Fried Gnocchi
Serves: 4-8 people
Ingredients:
8 grams yeast
1/2 cup (120ml) milk
1 1/2 cups (180g) flour (all-pupose)
Pinch of salt
200g salami (thinly sliced)
1 cup (120g) Parmesan cheese (sliced)
4 cups (1 litre) olive oil (for frying)
Method:
1. Dissolve the yeast in the milk.
2. Heap the flour in a mound on a work surface. Make
a well in the center, pour in the milk and yeast mixture,
and add a little salt. Work the mixture into a soft dough.
3. Shape the dough into a ball and set aside covered,
in a warm place, until doubled in volume. With a rolling pin,
roll out the dough into a rectangle.
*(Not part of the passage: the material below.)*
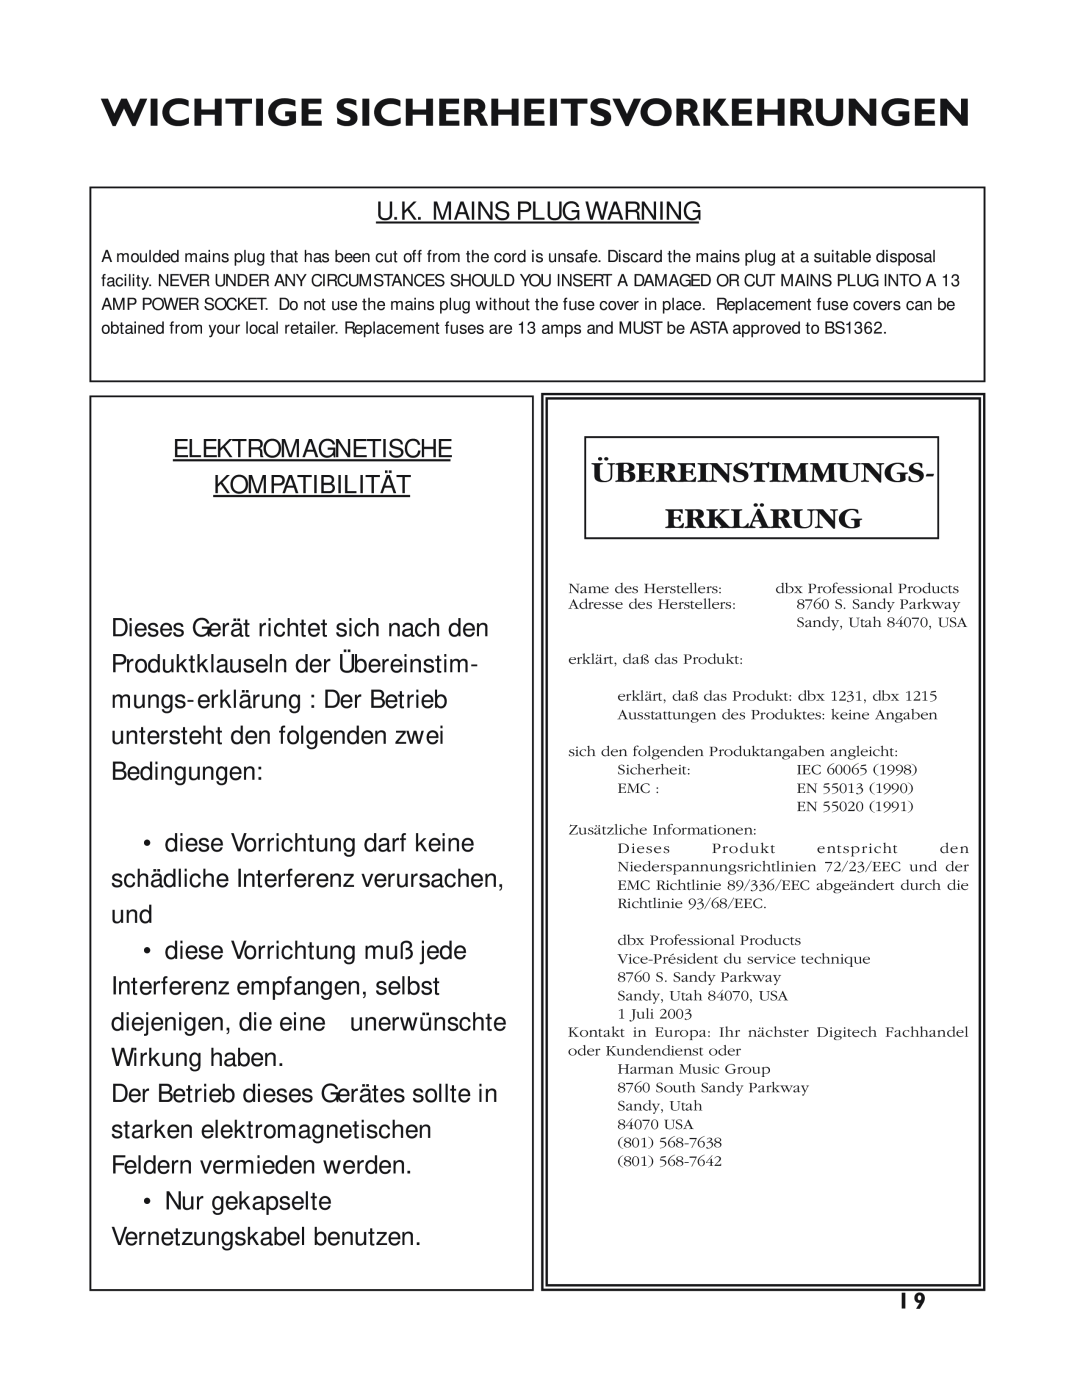 dbx Pro 12 Series operation manual Übereinstimmungs Erklärung, Wichtige Sicherheitsvorkehrungen, U.K. Mains Plug Warning

Fold the rectangle into
4 and roll out once more into a rectangle.
Repeat this process 4 times. Finally, roll the dough into
a single thin sheet and cut it into 2 inch by 4 inch (5 cm
by 10 cm) rectangles.
4. Place a slice of salami and a slice of parmesan
on one half of each piece of dough. Fold each rectangle over
to enclose the filling, moistening the edges a little so they
will hold together securely.
5. Heat the oil to 350°F (180°C) and fry the
rectangles of dough, a few at a time. When they are puffed
and nicely browned, drain them, and place them on a paper
towel to absorb excess fat. Arrange on a platter and serve.